Под конец первой недели взбеленённые медсестры прибежали к ней с требованиями унять буйного пациента любыми возможными методами. На недоуменный вопрос, почему это должна делать именно она, Самородок узнала, что болезный ублюдок, оказывается, ей благоволит.
К Крысу она подходила как к раненному зверю. С подветренной стороны и держа под рукой шприц со снотворным. Однако Крыс учуял «фаворитку» с порога ехидно поинтересовался с чего его удостоили аудиенции и, убедившись, что в палате не осталось посторонних, спросил, бросило ли местное светило травиться всякой дрянью. Пока Самородок хватала ртом воздух и пыталась сообразить, нужно ли ей оправдываться перед преступником, Крыс бросил придуриваться и четкими резкими фразами обрисовал картину, которую не раз видел в норах крысиного города и в лагере вольных. Новички из беглых с выжженными мозгами, с трудом сплетающие пару связных фраз, подсевшие на нелегальные препараты наркоманы, за дозу готовые на всё и даже чуть больше. И все из бывших благополучных и подающих надежды. Так оно обычно и начинается. Умненькие и стабильные, попавшие в трудную ситуацию, испугавшиеся за свою репутацию, начинают жрать горстями запрещенные, но сильные таблетки, с каждым разом увеличивая дозу. Они ведь гении и знают, что смогут остановиться. Им только нужно пережить тяжелый период. А потом всё как-то неожиданно кончается в крематории Города или на свалке за городской оградой.
Самородок молчала, сжимая в кулаки похолодевшие ладони, и с возрастающей тревогой прислушивалась к стучащему в висках пульсу. Сердце наращивало обороты и по логике, ей требовалась следующая таблетка, так как дозу легального эмоблокатора она сегодня уже использовала. Крыс холодно и изучающе созерцал внутреннюю борьбу собеседницы, после чего сжалился и сообщил, что таким как Самородок в Городе не место. Она талантлива, но, судя по всему, плохо поддается медикаментозной корректировке. А значит, рано или поздно выпадет из зелёной зоны в жёлтую, и весь её талант пропадет всуе. Потому что на Базе, где готовят бросовый мусор для разведки территории таланты не требуются. А вот вольные за такую как она продадут душу дьяволу почти не торгуясь.
Последняя реплика стала соломинкой, сломавшей хребет верблюду, и Самородок вылетела из палаты, не беспокоясь ни за репутацию, ни за эмоциональный уровень.
Через неделю подчиненного Крыса забрали сотрудники охраны Города. Что с ним произошло дальше история умалчивает. Ничего хорошего, судя по тому, что норы бродяг до сих пор не разорили, и что самого Крыса с тех пор никто уже не видел.
А еще год спустя просевшая почти до стабильно-желтого бывшая верная дочь Города и бывшая гордость родни сбежала в крысиный город.
Молох замолчал и стая, уловив, что рассказ окончен, тактично оттеснила его в сторону, освободив место у фонаря для нового рассказчика.
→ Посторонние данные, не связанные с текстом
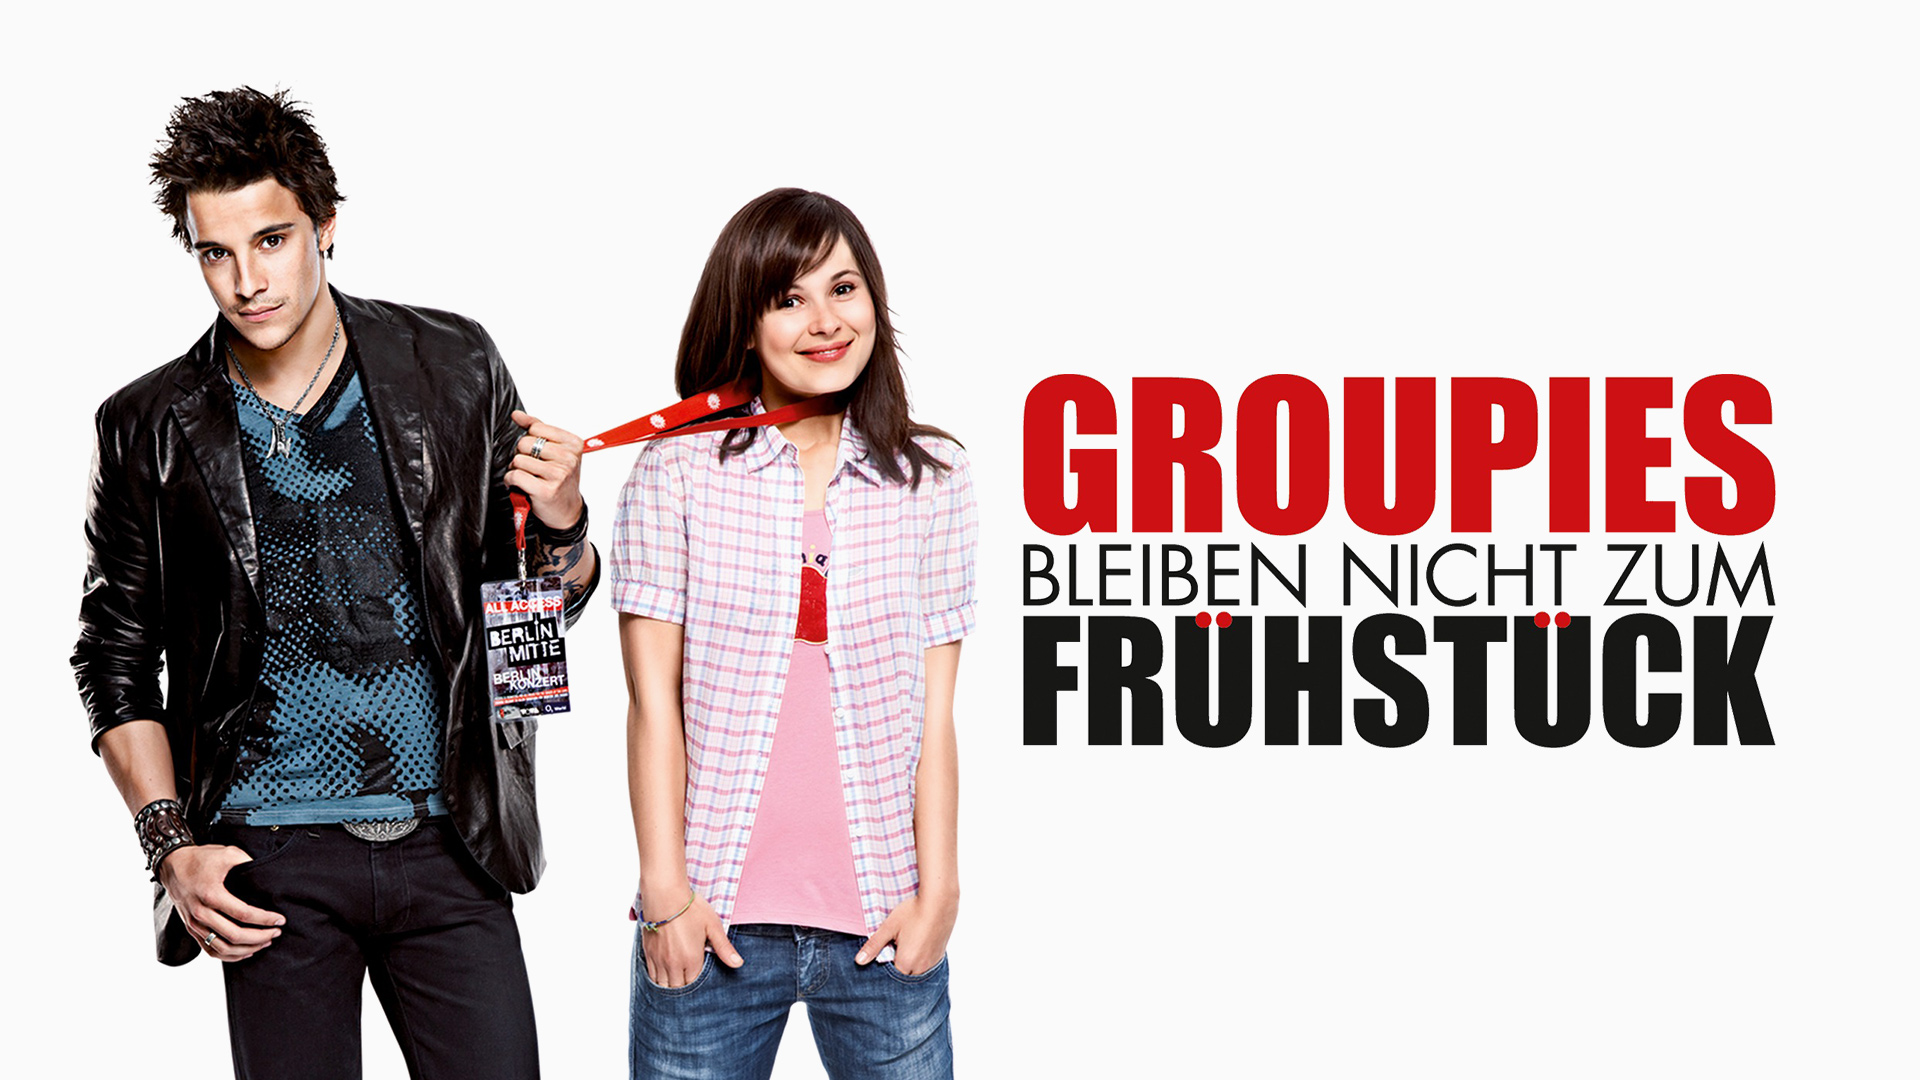 Groupies Bleiben Nicht Zum Fruhstuck

Четвёртая слушать новую историю не стала. Она нахмурившись, ушла в себя, обдумывая полученную информацию, после чего сдалась и дернула Беса за рукав рубахи, привлекая к себе внимание.
– Я думала, Молох рассказывает про своих родителей. Но конец истории…
– Он рассказал про свою мать и отца Овода, – Бес с наслаждением проследил за реакцией Четвёртой и лукаво улыбнулся, – Признайся, ты ведь тоже считала их братьями-близнецами.
Не дожидаясь ответа, Бес нахмурился, вперил поверх голов тяжелый серьезный взгляд и продолжил:
– Овод старше Молоха, причем прилично. Потомственные Крысы практически все так выглядят – вечно щуплые, вечно юные, вертлявые и злые. Другим трудно выжить в такой близости от Города. Отец Овода умер, когда тому не было шести лет. Щенячий возраст, но на умение делать определенные выводы мозгов уже накопилось. Мир Крыс жесток и циничен – если не можешь добыть себе пропитание, лучше сдохни и не трать драгоценную пайку. Первый год мать Овода, разбитая потерей мужа, еще старалась как-то выкручиваться – бродила по Городской свалке, шила одежду из найденных ошметков ткани, отмывала и чинила выброшенную технику и меняла на продукты – но сил на борьбу с каждым днем оставалось всё меньше. Она выгорала. Добровольно шла в могилу за любимым человеком, совершенно забыв про беспомощного ещё сына.